§ What I learnt working for Amazon
- Don’t just restart things to “fix issues”, you need to know what’s wrong, debug the issue, understand the issue.
- Humans should not be paged in the middle of the night if they can’t do anything about the problem
- If you just want someone to babysit an application you are doing something wrong. Please, have proper metrics and automation instead of human beings looking at charts.
- If something goes wrong 0.1% of the time, for something huge as AWS it means several times a day! Fix all the bugs or build automation to automatically recover your software
- If a human has to type a command, one day they will do it wrongly and destroy something
- You automate with scripts (you have code review, you have exactly the same process everytime). You don’t automate humans with documentation
- Code is more important than documentation
- Documentation is more important than tribal knowledge
- If it can wait a few hours, push back!
- You need to understand how Linux/Unix works!!!
- You must know how shellscript works and build a couple yourself. Automate everything!! You need to start your local env every morning? Better have a script for that! You need to run tests before pushing code? Automate it! If you type twice the same set of commands, automate it!
- If you have shellscripts that will help your team, share it!!
- Share your automations!
- Ask people to share their automations!
- Build tools to build automation!
- Build tools to build tools!
- Try first to build frameworks / generic software
- Better to automatically recover a problem than asking a human to evaluate it!

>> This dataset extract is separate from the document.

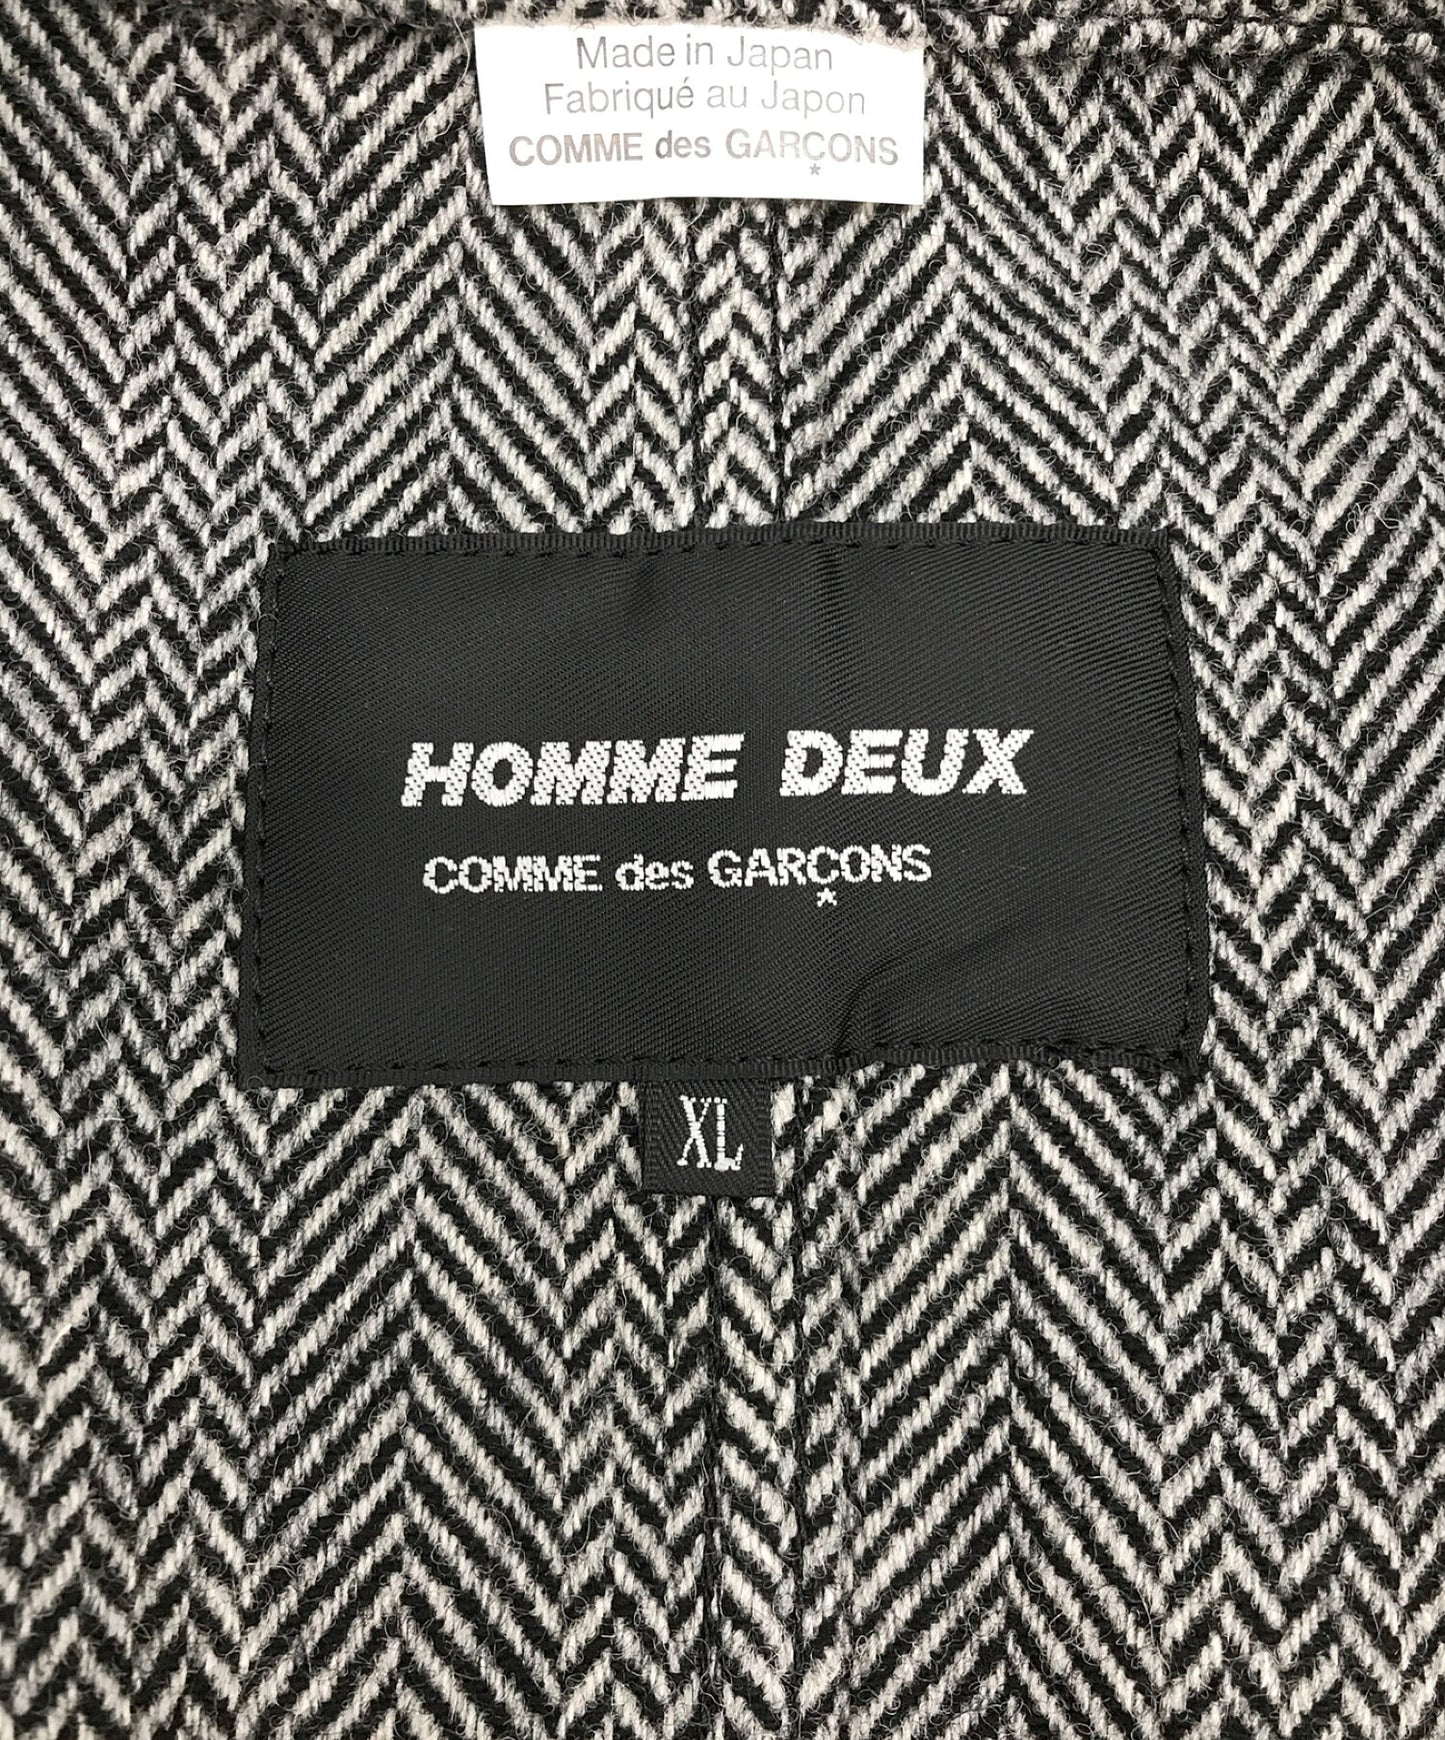 COMME des GARCONS HOMME DEUX Tailored Jackets Jackets DT-J057

§ [DRAFT] Working for Amazon AWS (2015 - 2019)
§ First Contact
It was January 2015; I was in the middle of my master’s. I had just started working again for CI&T when I received a message from an Amazon recruiter. There would be a hiring event in São Paulo, and they wanted to invite me to the process. To be honest, I was not interested in looking moving to the USA, but working for a big company would allow me to work in a different environment: instead of using frameworks to build services for banks, I would be able to write those frameworks/tools myself.
I decided to try out the tests/interviews.

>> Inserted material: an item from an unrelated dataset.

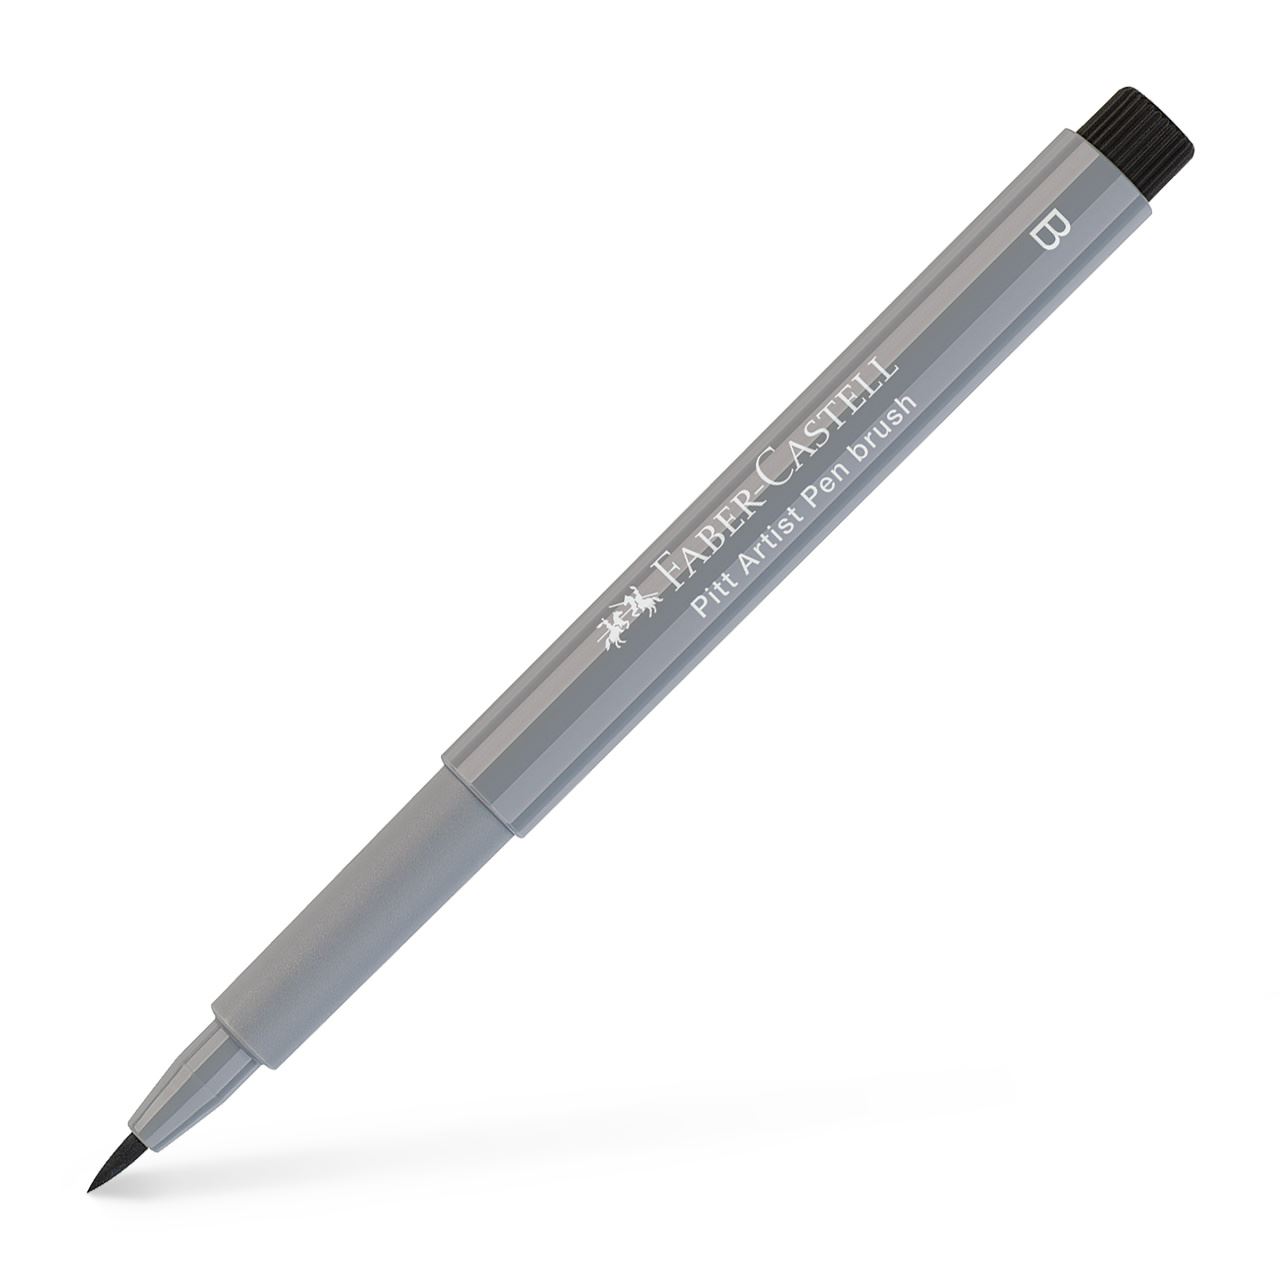 Faber-Castell - Rotulador Pitt Artist Pen Brush, gris frío III

I ended up passing, and the salary they offered would allow me to live a completely different life. And I don’t mean a life with cars, houses and that type of shit, but rather I would have some real financial independence. I decided to accept the offer.
Due to the fact, the whole USA working visa is random, I ended up not being selected. So Amazon offered me to work in Europe instead (YAY), I could pick Germany or Ireland. I did some research and at that time, it seemed to me that the work in Ireland was more interesting to me.
That’s how I ended up working at the Redshift team.
§ First year
The first year was a hard one, not only I was starting a new job, but I was outside my home country, speaking a foreign language. But at the same time, I was lucky. Almost everybody on my team was new as well. We were all getting used to the whole thing, so we bound. The team on our side was also pretty new, so we end up also spending time outside work together. Those people were amazing and I owe them a lot. Also, during our oncalls I had to deal mostly with hardware/system issues, so I learnt a lot during that time.
On my first two months, our team was basically doing oncall and trying to delivery something between the shifts. Every member was primary oncall for a whole week every month and another week “ops” oncall (what meant work on tasks no one wanted to “keep the lights on”). Oncall was heavy, a couple of tickets per hour, but our shift would last only from 8-16 every day. A bit better than 24 hours setup.
The environment was very nice, 8 hours of work and that’s it, no long hours, no crazy amount of performance review. Everybody was entitle to make mistakes and learn from them.
§ 2017 - 2019
As it’s publicly known, life at Amazon is not always easy. The team on our side had pretty bad managers. People were having a lot of trouble and it was public that the whole team was not happy. Most people end up leaving the company. Including very good friends of mine.
Our team had some problems in the past as well, especially regarding people in the USA. They would see at the beginning our team as “the folks who do oncall during our night” and for a long time, we had to fight for good projects. This made some folks on our team to leave the company or try to find new organizations sinde Amazon.
That changed with upper management, even the product changed. When I joined, the engineers were 100% focused on delivering new features. With the new managers, we started focusing on making Redshift stable first (our oncalls were pretty hard, with hundreds of tickets per week). Also, automation was finally priority and we were given green light to implement our ideas of oncall improvement.
Our local manager was also pretty good so we never had similar issues as the “team on our side”. He was the type of manager that you can trust.
Our team also incresead size and a new office was open in Berlin. I had the opportunity to train some folks there. Oncall was reduced to a few days ever 2 months. Sometimes not even that, since we were onboarding more and more people in Berlin.